(Records contained in a dataset)
-- Opening Marker --

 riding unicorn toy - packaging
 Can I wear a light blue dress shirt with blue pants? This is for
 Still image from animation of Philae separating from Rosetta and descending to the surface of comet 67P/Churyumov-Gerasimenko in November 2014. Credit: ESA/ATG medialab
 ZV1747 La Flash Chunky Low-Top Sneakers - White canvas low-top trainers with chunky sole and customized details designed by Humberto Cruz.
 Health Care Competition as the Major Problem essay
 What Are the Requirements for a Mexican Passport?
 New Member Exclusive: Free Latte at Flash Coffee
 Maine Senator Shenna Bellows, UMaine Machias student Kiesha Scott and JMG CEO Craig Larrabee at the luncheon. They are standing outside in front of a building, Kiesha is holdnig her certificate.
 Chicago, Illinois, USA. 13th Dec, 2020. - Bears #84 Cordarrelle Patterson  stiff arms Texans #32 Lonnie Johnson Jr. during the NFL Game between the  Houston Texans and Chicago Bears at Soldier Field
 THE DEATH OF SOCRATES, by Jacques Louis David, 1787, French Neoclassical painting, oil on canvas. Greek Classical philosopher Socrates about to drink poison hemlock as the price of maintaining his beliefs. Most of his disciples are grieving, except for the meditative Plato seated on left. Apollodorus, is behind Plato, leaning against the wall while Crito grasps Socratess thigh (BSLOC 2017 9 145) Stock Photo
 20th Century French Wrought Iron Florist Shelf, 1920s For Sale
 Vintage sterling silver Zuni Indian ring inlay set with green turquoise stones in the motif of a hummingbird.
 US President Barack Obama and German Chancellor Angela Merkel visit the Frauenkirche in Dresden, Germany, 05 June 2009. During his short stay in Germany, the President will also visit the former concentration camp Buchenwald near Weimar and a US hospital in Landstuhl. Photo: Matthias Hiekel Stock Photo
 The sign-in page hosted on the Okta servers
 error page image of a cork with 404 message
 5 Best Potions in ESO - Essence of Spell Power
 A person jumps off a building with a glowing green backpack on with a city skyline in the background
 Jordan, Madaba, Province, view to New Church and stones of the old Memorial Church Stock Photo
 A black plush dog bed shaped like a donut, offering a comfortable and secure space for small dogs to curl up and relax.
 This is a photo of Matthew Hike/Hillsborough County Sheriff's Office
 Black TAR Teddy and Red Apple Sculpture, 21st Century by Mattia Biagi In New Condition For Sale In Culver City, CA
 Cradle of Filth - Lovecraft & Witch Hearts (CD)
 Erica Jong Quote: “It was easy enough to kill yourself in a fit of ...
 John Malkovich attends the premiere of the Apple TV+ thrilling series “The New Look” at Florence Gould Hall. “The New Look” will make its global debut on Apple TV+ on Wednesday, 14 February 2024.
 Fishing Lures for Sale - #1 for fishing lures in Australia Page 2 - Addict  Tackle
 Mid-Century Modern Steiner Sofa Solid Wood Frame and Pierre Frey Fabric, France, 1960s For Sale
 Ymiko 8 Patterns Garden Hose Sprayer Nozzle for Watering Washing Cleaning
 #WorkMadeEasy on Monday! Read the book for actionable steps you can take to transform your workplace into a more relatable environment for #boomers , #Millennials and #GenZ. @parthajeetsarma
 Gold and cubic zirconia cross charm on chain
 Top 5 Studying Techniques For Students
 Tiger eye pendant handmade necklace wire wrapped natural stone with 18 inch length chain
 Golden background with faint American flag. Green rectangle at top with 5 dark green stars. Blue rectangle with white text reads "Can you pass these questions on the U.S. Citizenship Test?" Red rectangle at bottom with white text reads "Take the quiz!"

-- Closing Marker --

Only one thing belongs in the answer: the number of lines of the data that contain the string "Apple".

Response below - 2